The most obvious criticism of the supporters of the “comfort zone” is that they can be damn wrong when assessing the future of the ICI. In his book, Singularity, Kurzweil devoted 20 pages from 700 to potential ISI threats. The question is not when we get to the ISI, the question is what will be his motivation. Kurzweil responds to this question with caution: “The ISI arises from many disparate efforts and will be deeply integrated into the infrastructure of our civilization. In fact, it will be closely integrated into our body and brain. It will reflect our values, because it will be one with us. ”
But if the answer is, why are so many smart people in this world worried about the future of artificial intelligence? Why does Stephen Hawking say that the development of ICI "can mean the end of the human race"? Bill Gates says that he "does not understand people who are not concerned" by this. Elon Musk fears that we "call on the demon." Why do many experts consider ISI the biggest threat to humanity?

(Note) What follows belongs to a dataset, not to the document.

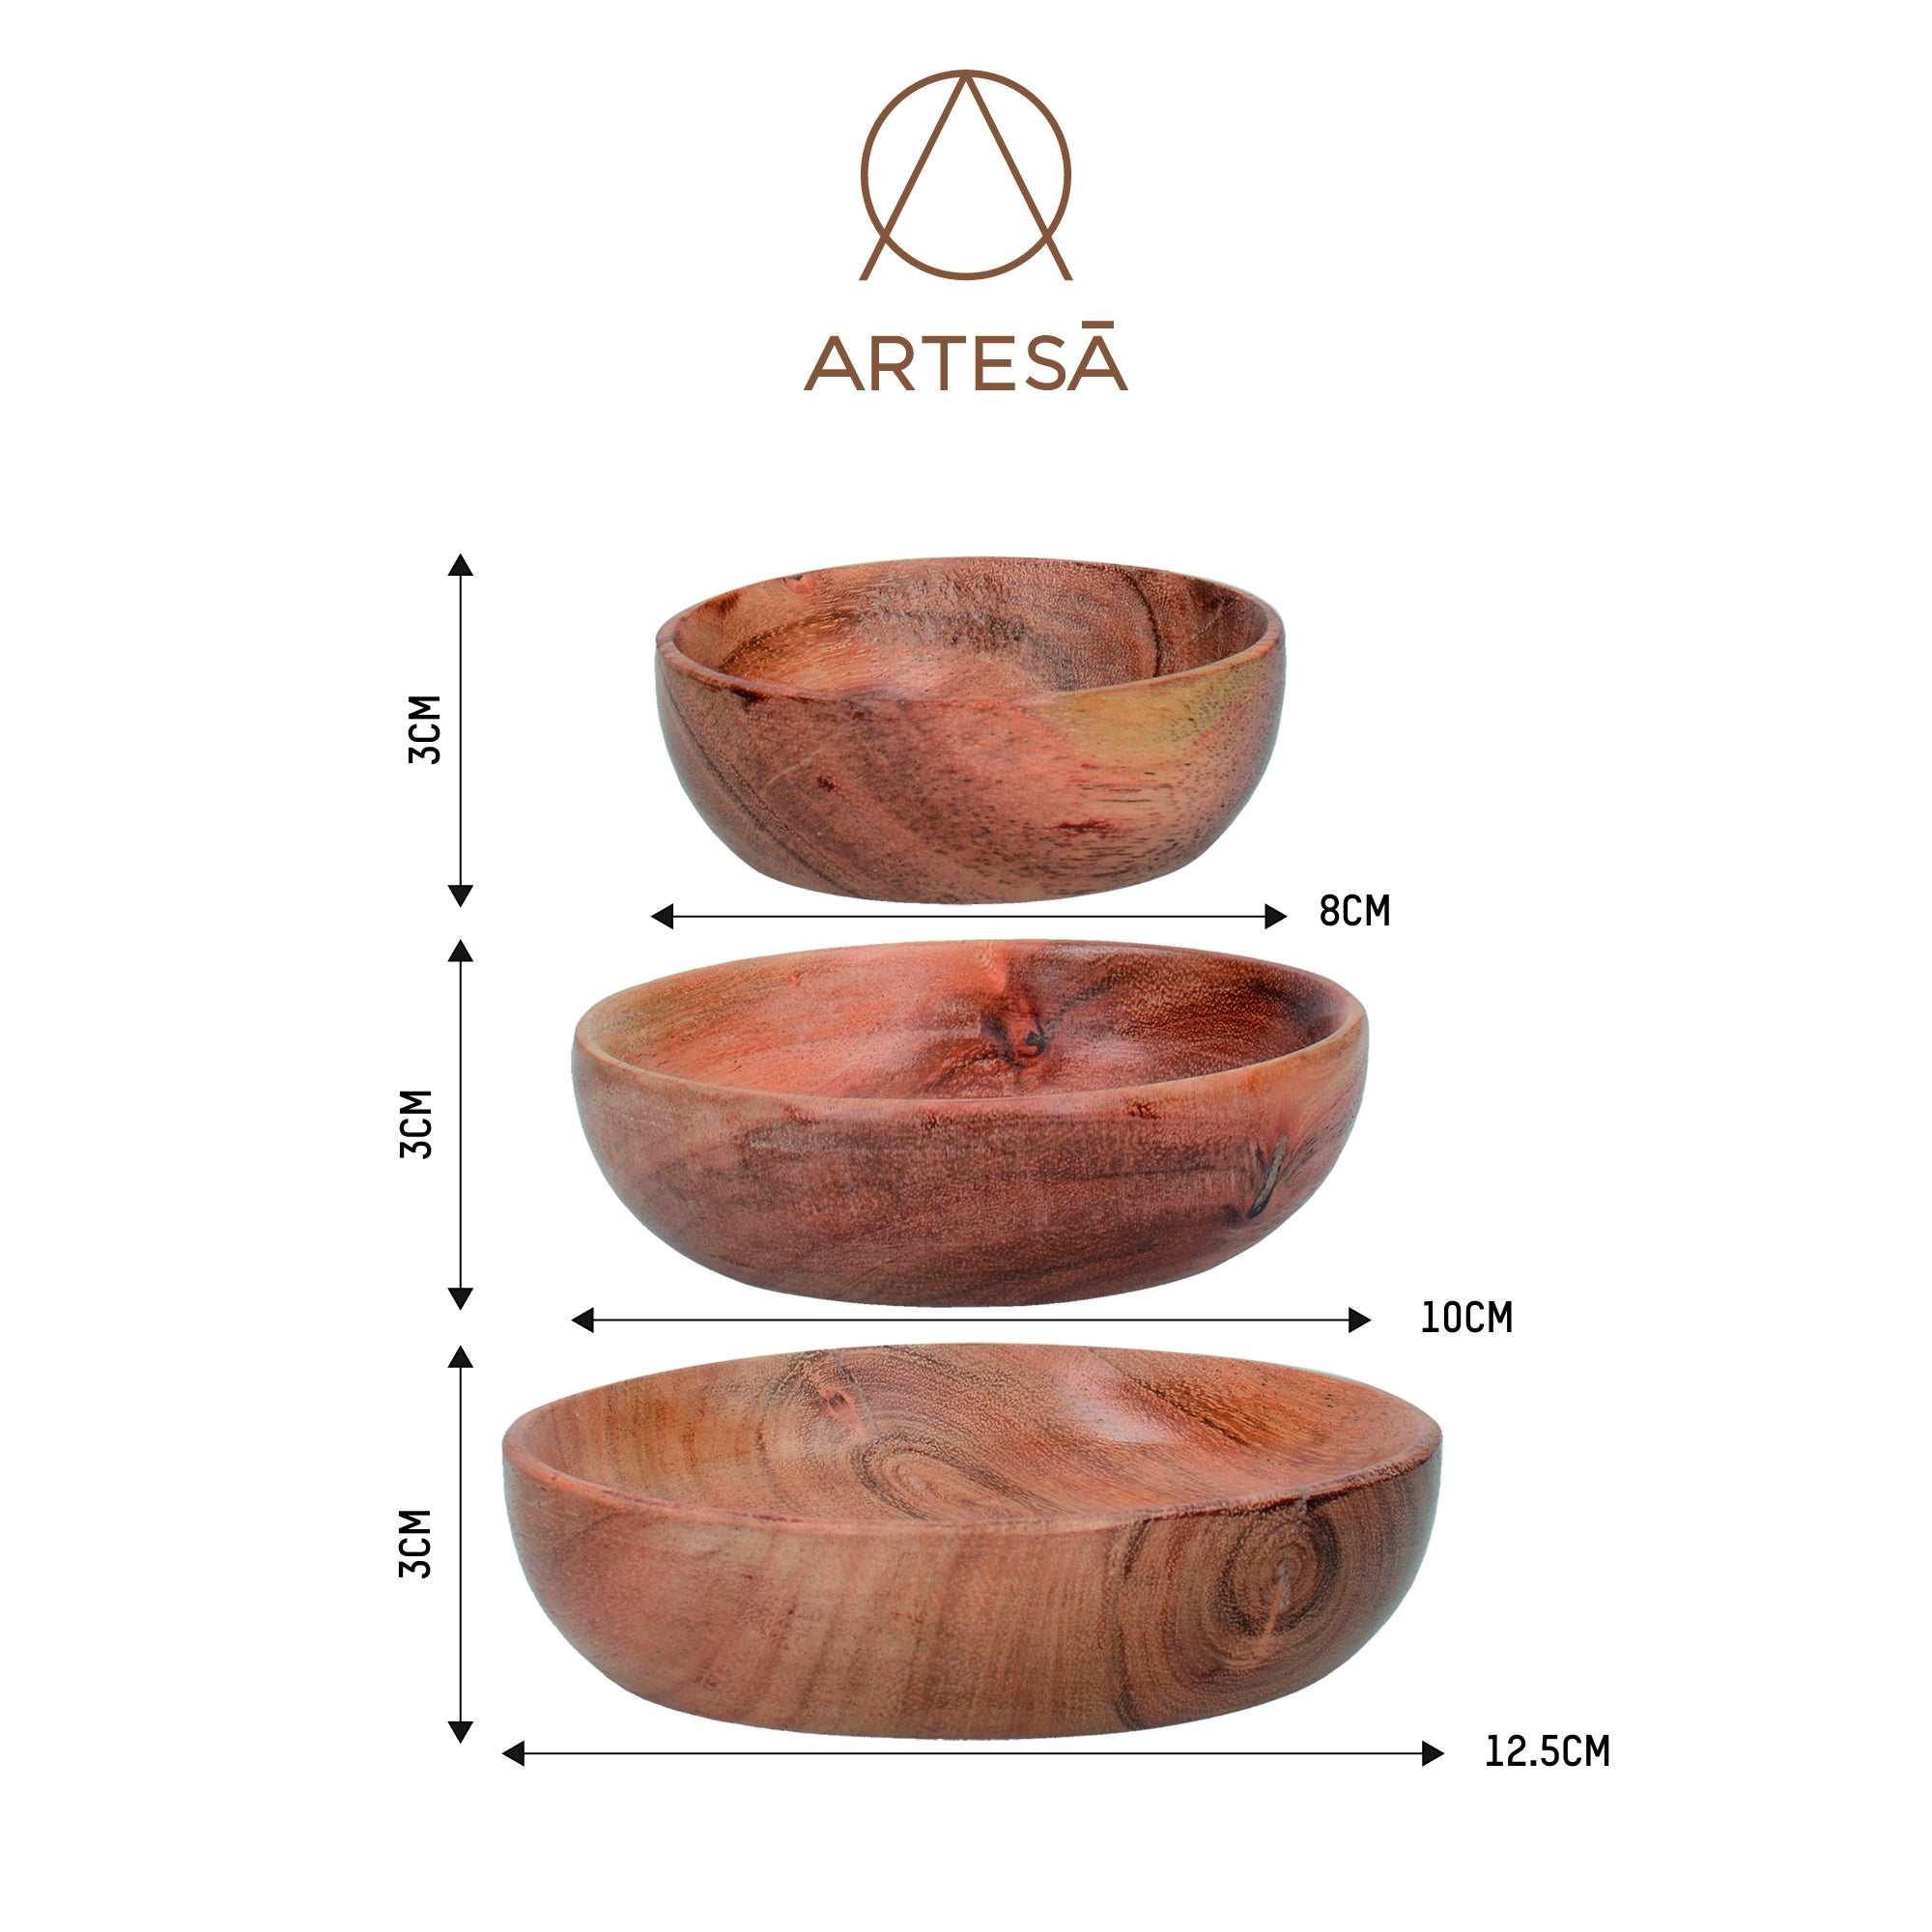 Set of 3 Mikasa Drift Wooden Bowls

This we will talk about next time.
Based on waitbutwhy.com, compiled by Tim Urban. The article uses materials from Nick Bostrom, James Barrat, Ray Kurzweil, Jay Niels-Nilsson, Stephen Pinker, Vernor Vinge, Moshe Vardy, Russ Roberts, Stuart Armstroh and Kai Sotal, Susan Schneider, Stuart Russell and Peter Norwig Tete, Tete, Tete, Armstrong, Tee Sthal, Schneider, Stewart Russell, Peter Norwig, Tete, Tete, Armstrong Marcus, Carl Schulman, John Searle, Jaron Lanier, Bill Joy, Kevin Keli, Paul Allen, Stephen Hawking, Kurt Andersen, Mitch Kapor, Ben Herzel, Arthur Clarke, Hubert Dreyfus, Ted Greenwald, Jeremy Howard.